Before you are the first and second issues of the new, independent scholarly journal The February Journal. The first is dedicated to silence as a form of micropolitical resistance; the second, to the phenomenon of sanctuary and its role in culture today.
This text considers several case studies of subaltern silence as micropolitical resistance. Around these examples the author threads a theoretical model (using ideas of such thinkers as Gayatri Spivak, Georges Bataille, Michel Foucault and Jean Baudrillard) to explain how performing silences could resist oppression without assuming an underlying well-articulated subjectivity. The paper deals with the force of silence, its conditions of possibility, and its position with respect to representation.
The 2020 Belarusian presidential elections provoked a severe political crisis that continues to this day. Over the past two years, Belarusians have faced unprecedented brutality from the authorities.

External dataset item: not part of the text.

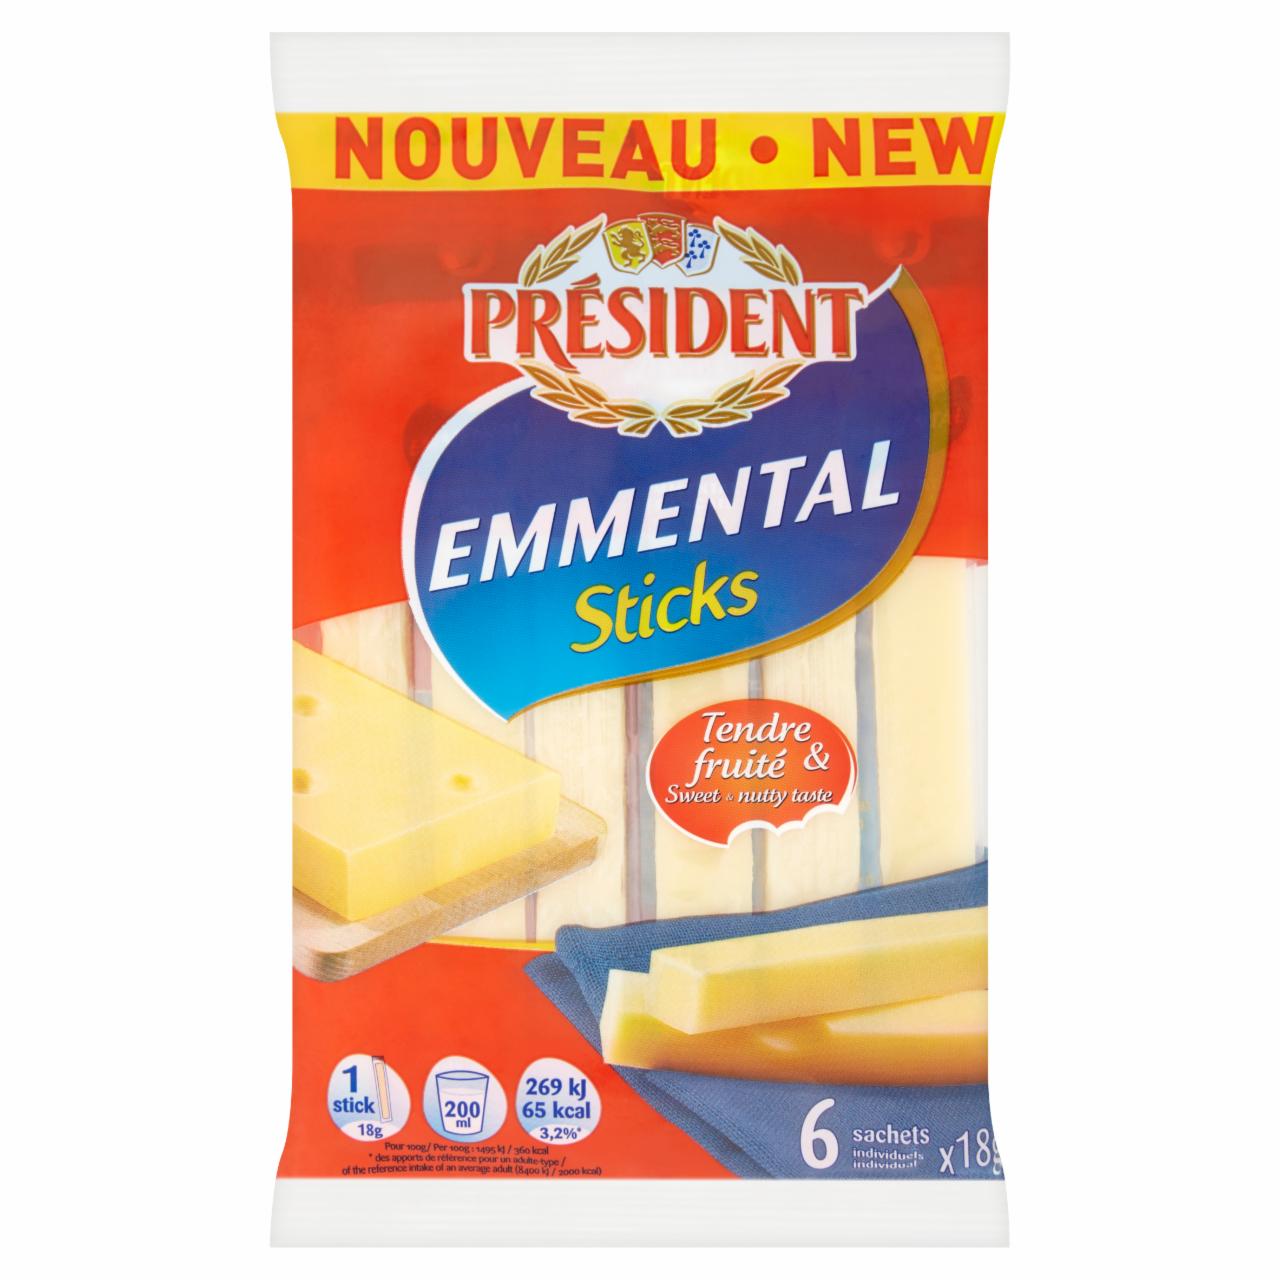 Képek - Président Emmental Sticks zsíros kemény sajt 108 g

This performance, in which the author gazes silently into the camera, was an emotional reaction to the news about a student having been detained for expressing her gratitude to one of her teachers, who had been arrested.
The article is devoted to reflecting on silence and speaking in the dreams of people in Russia after the 24th of February 2022. Our two-stage analysis of dream narratives and dreamers’ comments on them uncovers several key topics related to speaking and silence. Interpreting them with the apparatus of sociology, we conclude that these dreams provide a space for restoring agency that had been lost in real life.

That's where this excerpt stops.